She had a point. Evil sorceresses did steal ancient secrets.

“Then obviously we need to tell the teachers,” I said.

“If we do that, we won’t be able to stop her ourselves,” Presto said. “And if we stop her, we’ll probably get extra credit!”

I gasped. “Then I’d be the top student again, and you’d be…” I frowned.

“Tenth or eleventh. I’m not quite dead last, thanks to your notes.” She grinned. She'd spent a whole week learning a spell that could copy notes from me. Presto had almost gotten into a ton of trouble until she'd adjusted the spell to change the hornwriting to look like hers, too.

“Well, what do we know about the sorceress?” I asked.

“She wears a big black cloak to disguise herself, so she has to be, like, a half-dragon and trying to hide her hideous, twisted form!

“That’s stupid,” I snorted. “Dragons don’t work like that.”

“Yeah they do!” Presto insisted. “I read it in a book!”

I rubbed my chin at that. She had a strong point. Everything in books was true, otherwise they wouldn’t be allowed to print it.

“Even so, I’m sure we’d hear if there was a half-dragon student,” I said.

“I don’t think she’s a student,” Presto said.

“Well then why is she here?” I huffed. “And don’t tell me she’s here to eat foals. Nopony does that.”

“There’s only one way to find out.” She grinned. “You still know that invisibility spell?”


“This is so stupid,” I grumbled, as we waited in the bushes outside the new school building. I’d never been inside -- only the oldest students had any classes in the High-Energy Magic Department, so it was always the subject of rumors, some of which were definitely true. Someday I'd prove the cafeteria food was part of a secret experiment.

“It’s not stupid,” Presto whispered. “I’m sure she’ll be here!”

“It’s already dark out. We’ll get in trouble if we’re not in the dorms!”

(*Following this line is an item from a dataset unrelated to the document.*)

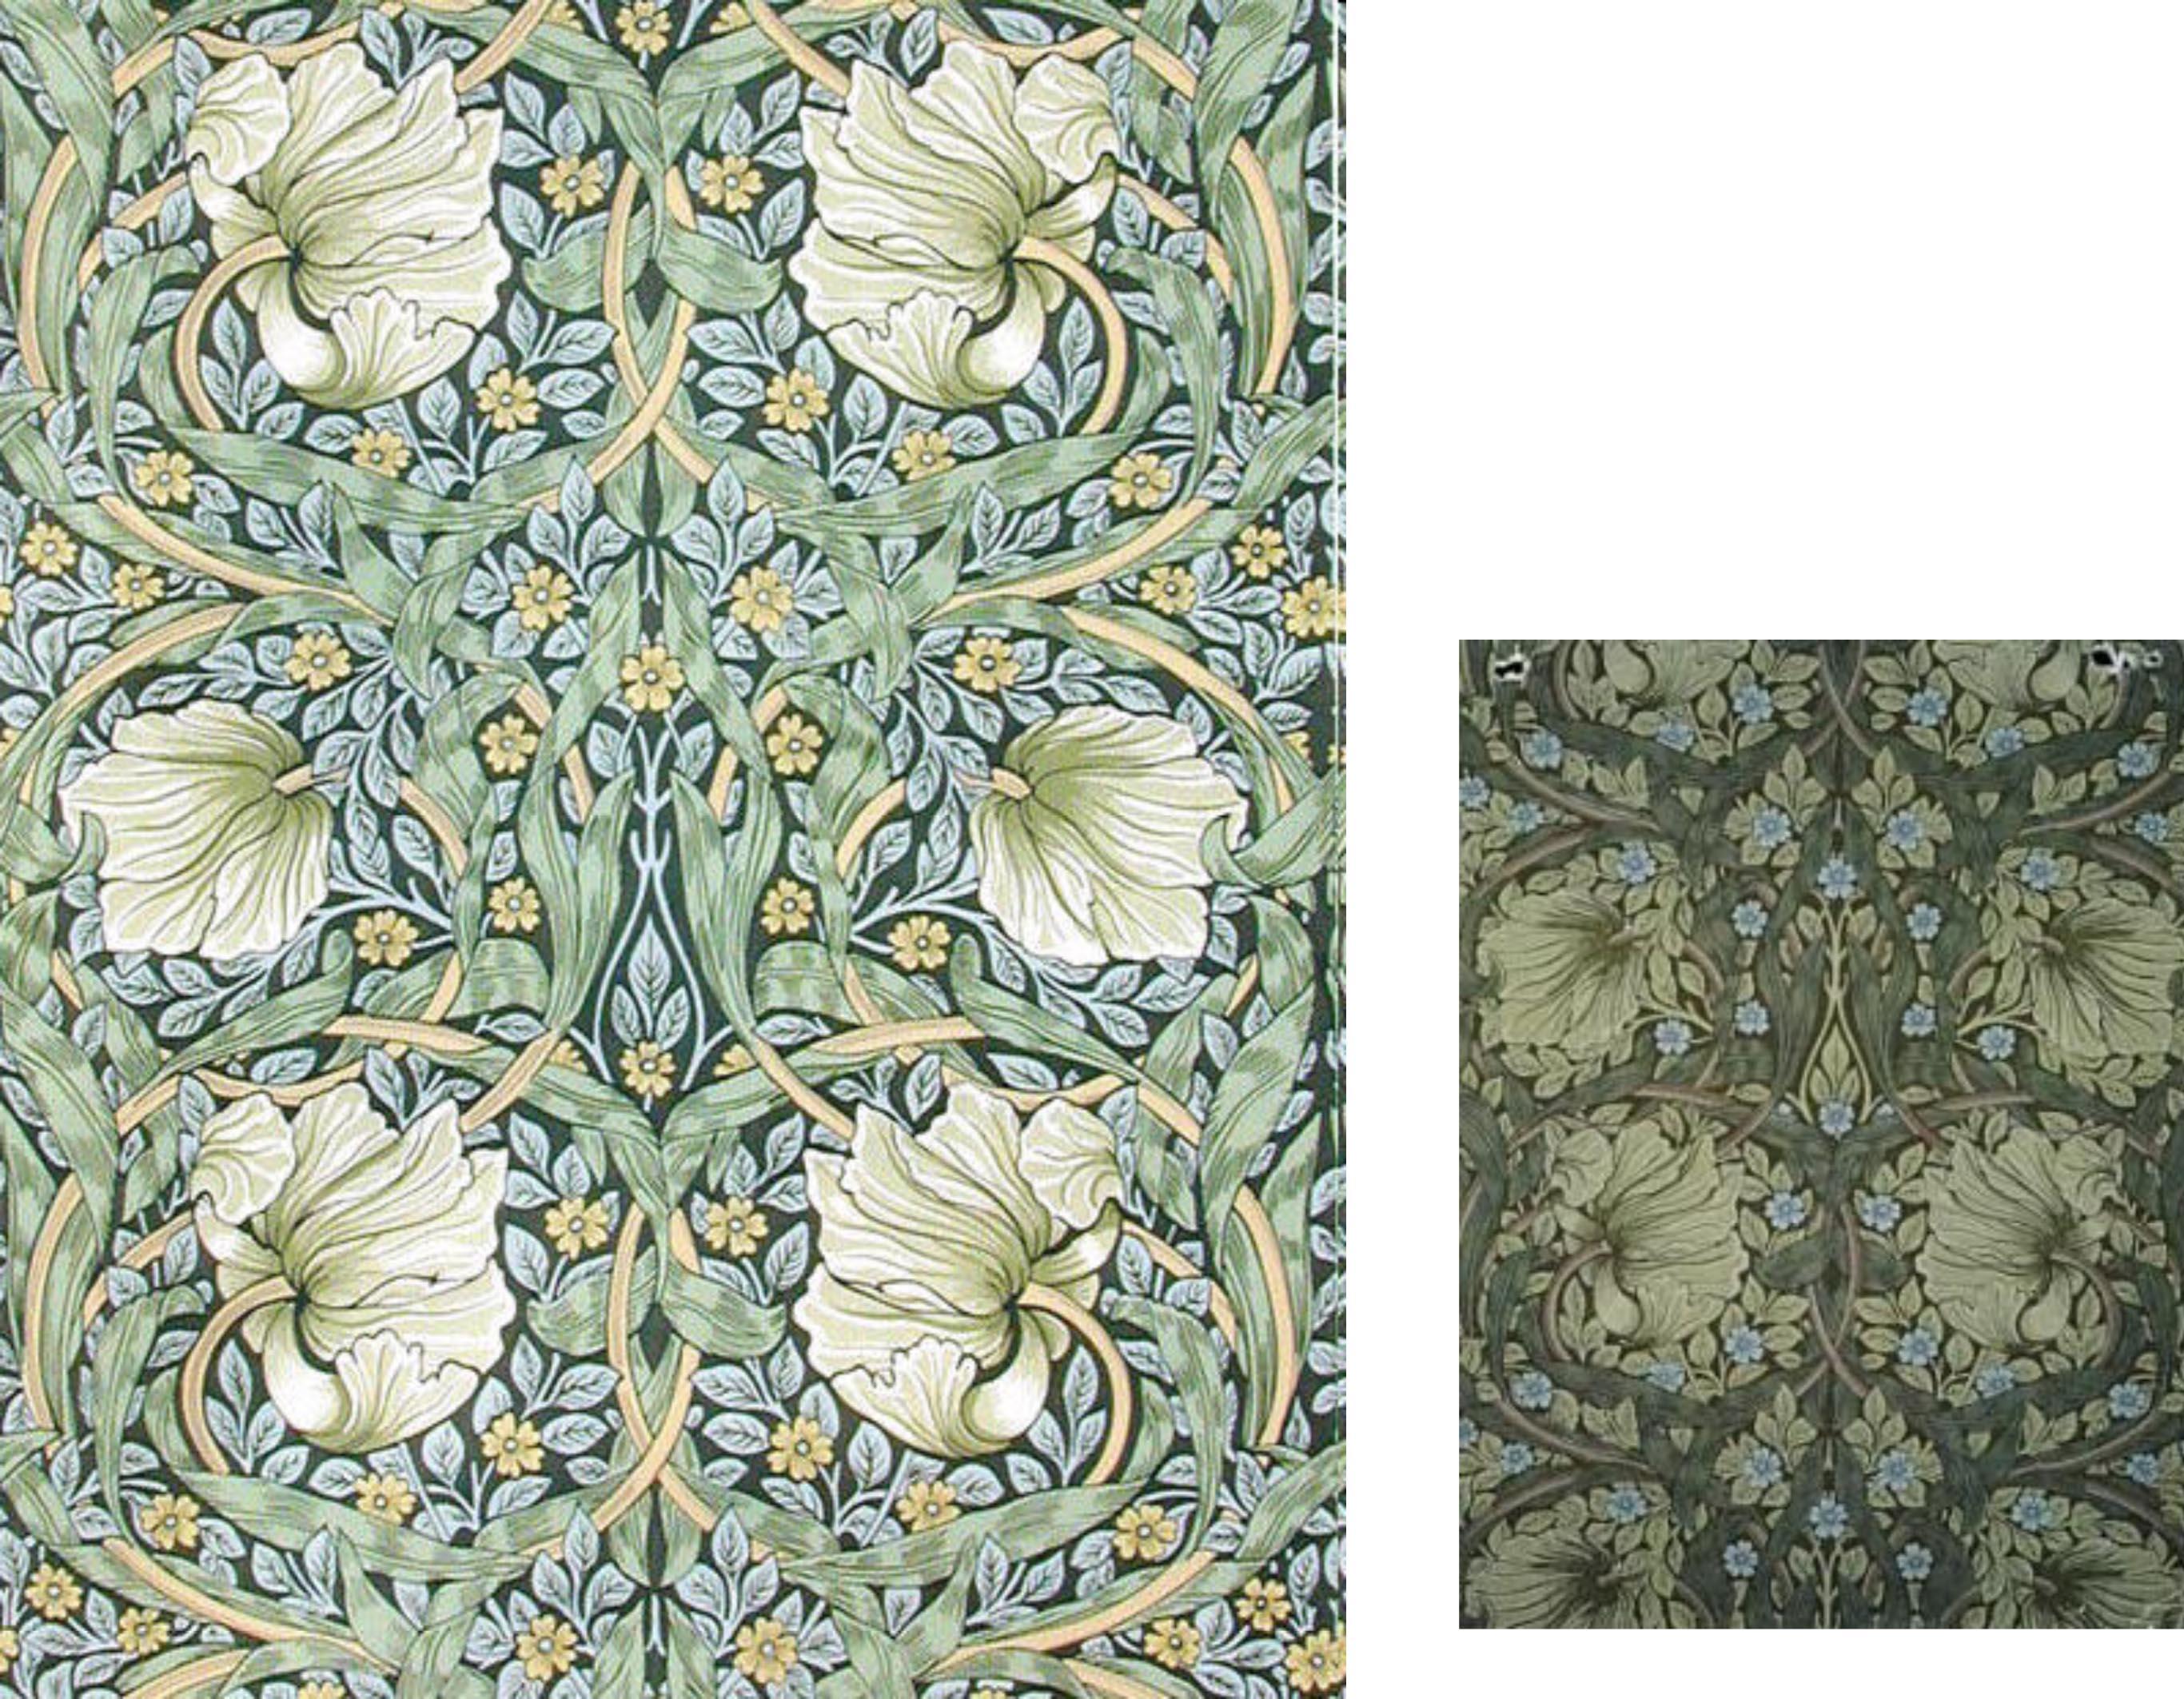 Free download Arts And Crafts Movement Wallpaper Arts and crafts
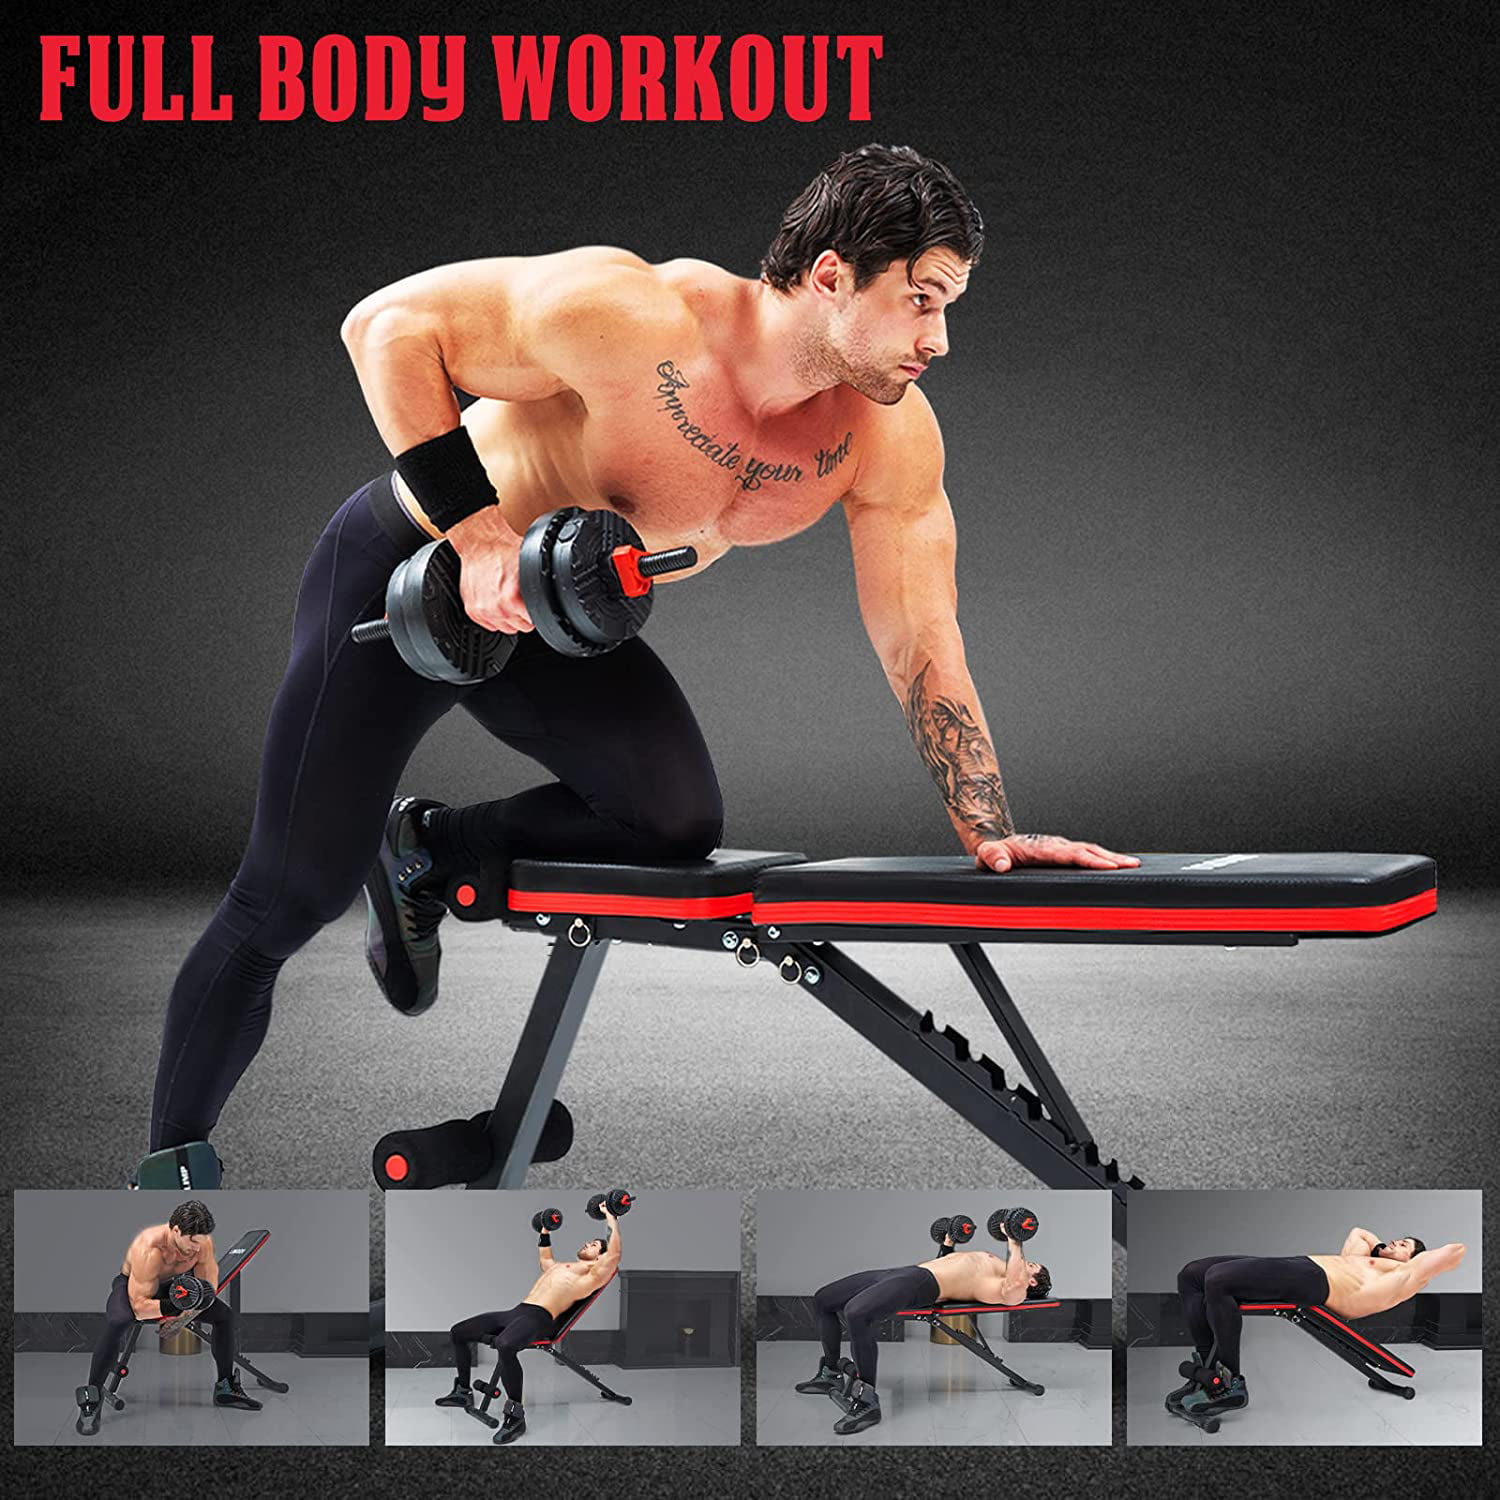 LINODI Adjustable Weight Bench Workout Bench for Home Gym Multi-Purpose Strength Training Benches Foldable Incline Decline Gym Bench for Full Body Workout

“We’ll be fine,” Presto assured me. “Pixie is covering for us.”

I rolled my eyes, not that Presto could see it. We were both invisible, after all. “Pixie Stick is an idiot. She’s going to get hopped up on sugar and end up stacking all the furniture in the dorm rooms in a big pile. Again.”

“Exactly,” Presto said. “I gave her a whole bag full of candy. The dorm marm is gonna be so busy trying to calm her down that they’ll never even think to come looking for us!”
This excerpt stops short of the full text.